As the sleeping sickness spreads, the town is turned upside down. We meet Ben and Annie, a young couple determined to keep their newborn baby safe; Sara and Libby, whose survivalist father has long prepared for disaster; Mei and Matthew, and other college students. A quarantine is established, the national guard is summoned. Yet, those who have fallen asleep are showing unusual patterns of brain activity. More than has ever been recorded in any brain--asleep or awake. They are dreaming--but of what?

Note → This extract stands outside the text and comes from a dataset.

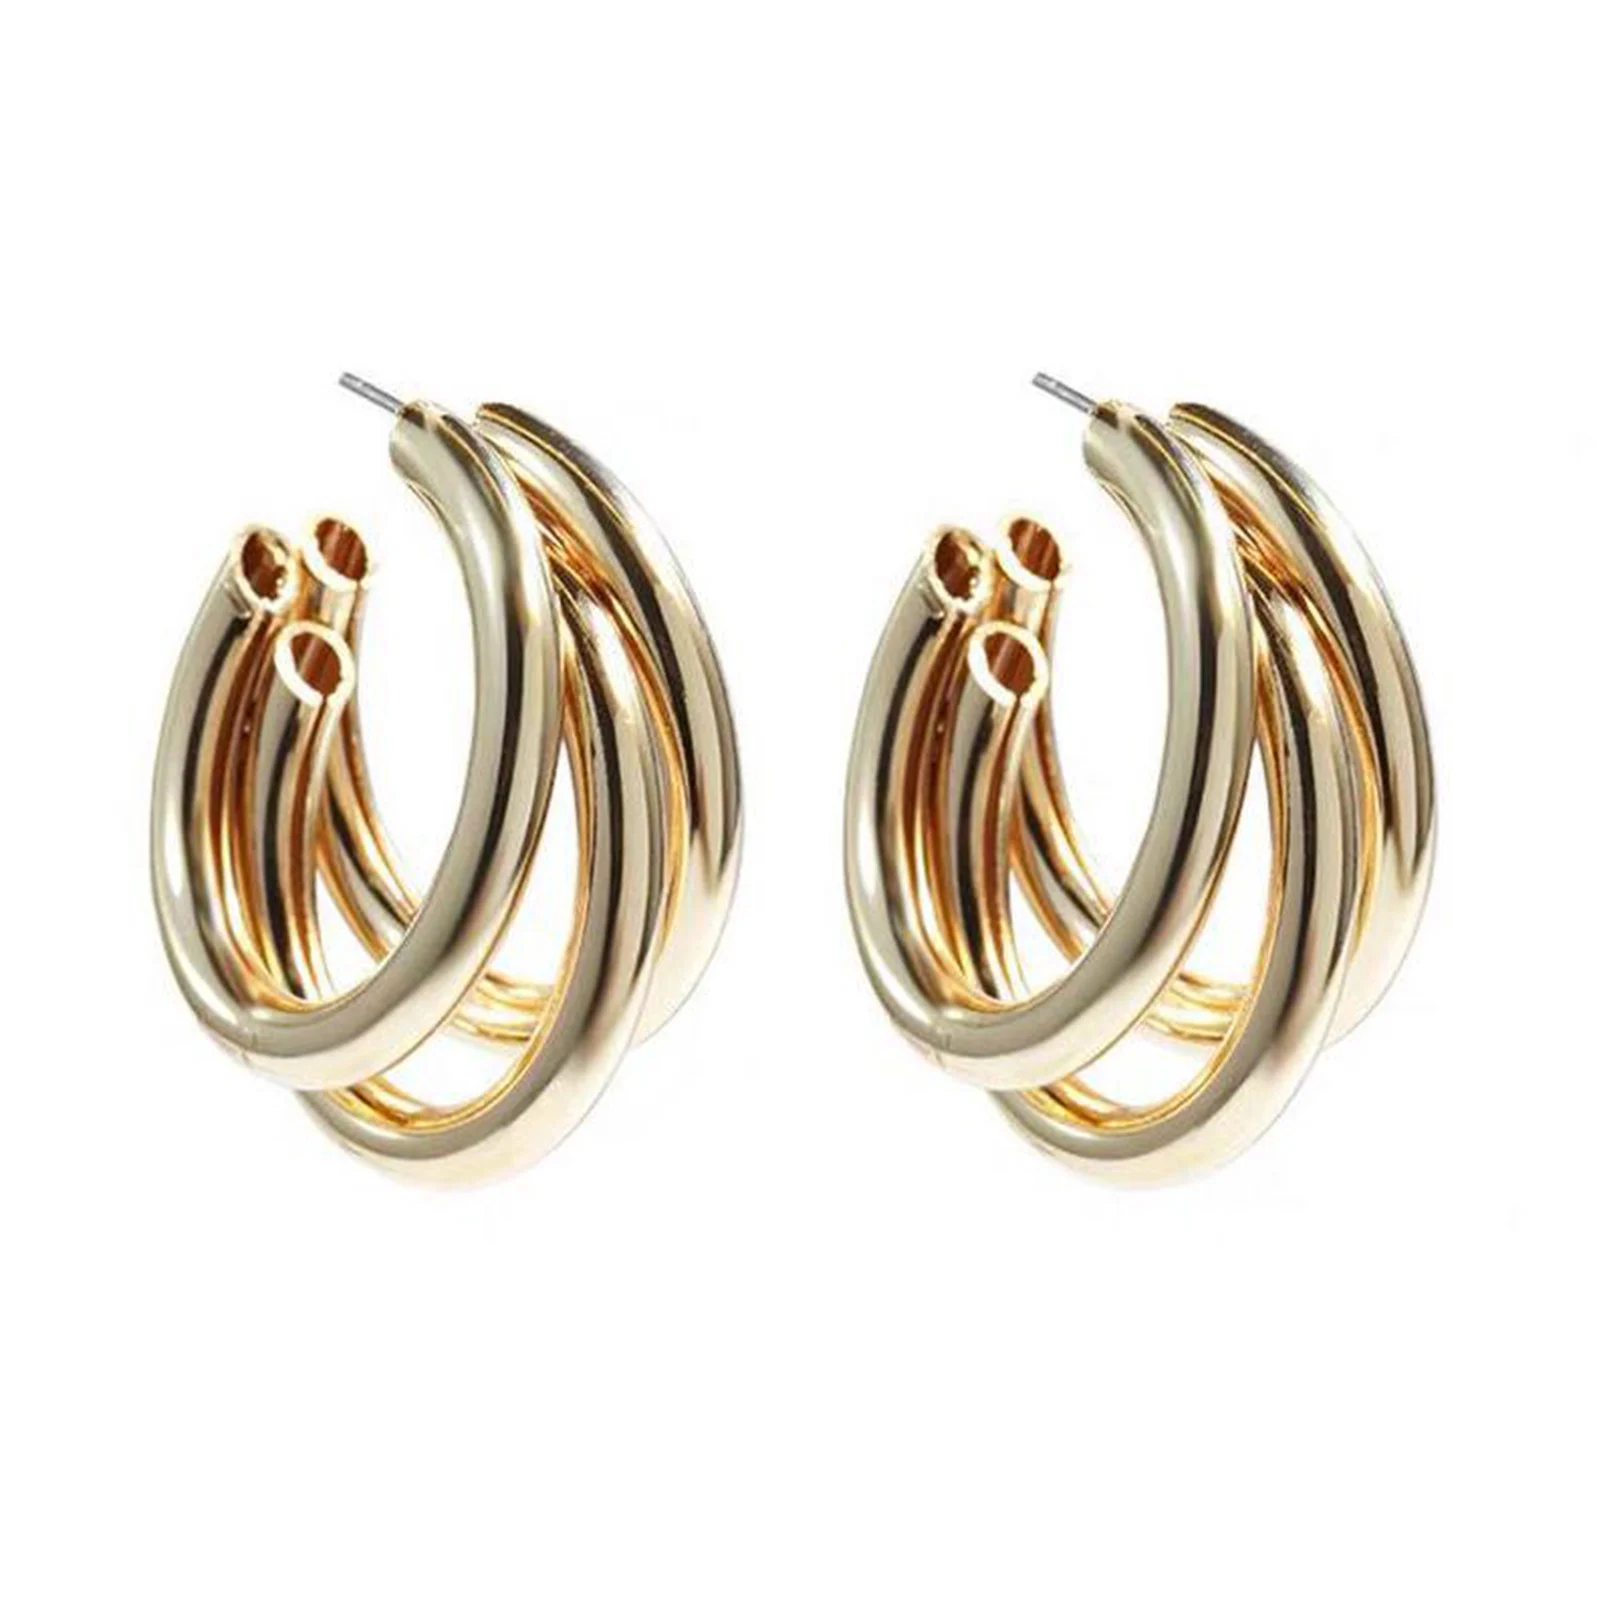 Triple Hoop Earrings For Women 925 Silver Stud Earrings For Women Hoop Earrings For Sensitive Girls Ears 14K Gold Plated Rose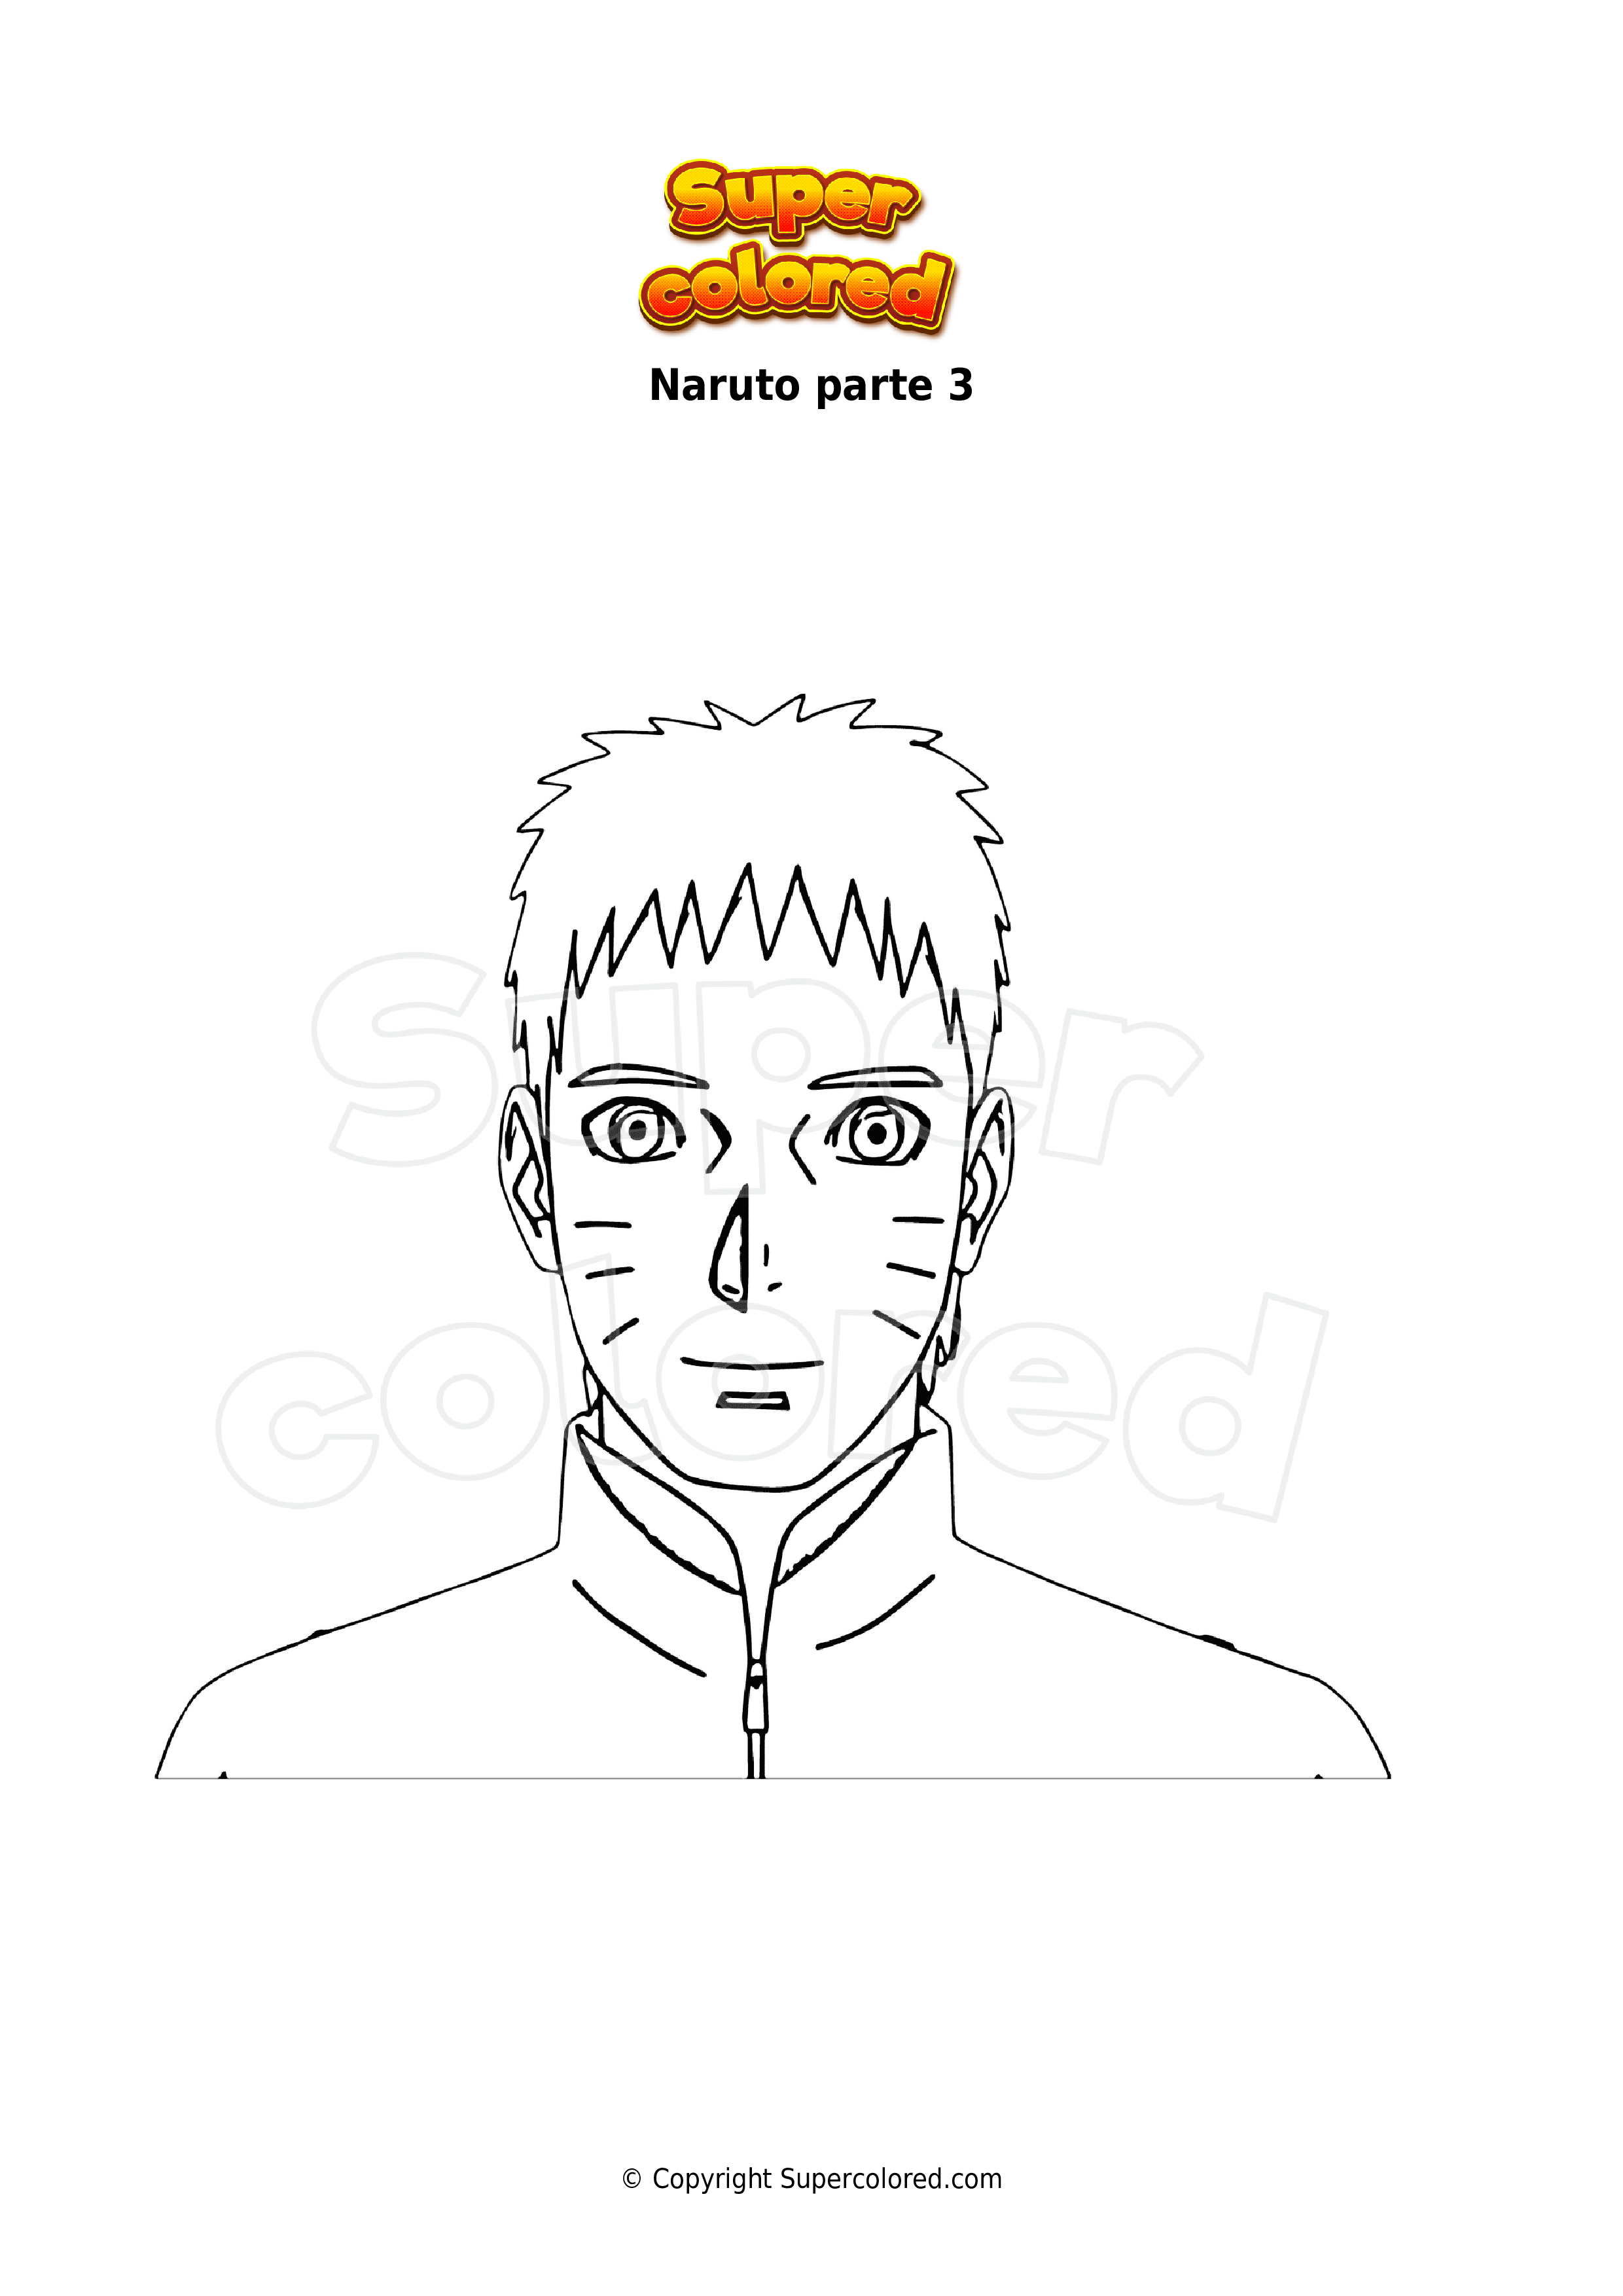 AhiVa PequeNautas  Plantillas para colorear  Personajes  Naruto

With gorgeous prose and heart-stopping emotion, The Dreamers startles and provokes about the possibilities contained within a human life, when we are awake and, perhaps even more, when we are dreaming.
APPLE BOOKS REVIEW
A freshman at a small California college falls asleep and can’t be roused. Soon, more of her classmates—and an ever-increasing number of townspeople and aid workers—are similarly afflicted: suspended in a dream state and kept alive via feeding tubes. We devoured Karen Thompson Walker’s novel, which shifts from intimate snapshots of the lives disrupted by the so-called Santa Lora Virus to sharp insights into the evolution of a public health crisis. The Dreamers raises compelling questions about memory, love, time, and the tension between individual bonds and the greater good.
PUBLISHERS WEEKLY
Walker's richly imaginative and quietly devastating second novel (after The Age of Miracles) begins in a college dorm in an isolated town in the hills of Southern California, where a freshman thinks she is coming down with the flu. In fact, she has a mysterious disease that causes its victims to fall into a deep, dream-laden sleep from which they cannot be woken, and which sometimes leads to death. The disease spreads slowly at first, then more rapidly, and soon the whole town is under a quarantine. The perspective moves smoothly in and out of the minds of several of the college students and town residents, drawing back to look at the entire situation from a detached but compassionate point of view and then plunging back into the minds of those attempting to deal with the escalating problems. Among the characters are Mei, a lonely college freshman; 12-year-old Sara, who copes with an unhinged survivalist father; Sara's neighbors, a faculty couple with a newborn baby; and aging biology professor Nathaniel. As the majority of the people of the town fall victim to the disease, neuropsychiatrist Catherine Cohen, separated from her family by the quarantine, tries desperately to find its cause, until arson at a library that's being used as a makeshift hospital has unintended results on the state of some of the dreamers. The relatively large number of central characters makes it likely that some will succumb to the disease, upping the suspense of the story. Walker jolts the narrative with surprising twists, ensuring it keeps its energy until the end. This is a skillful, complex, and thoroughly satisfying novel about a community in peril.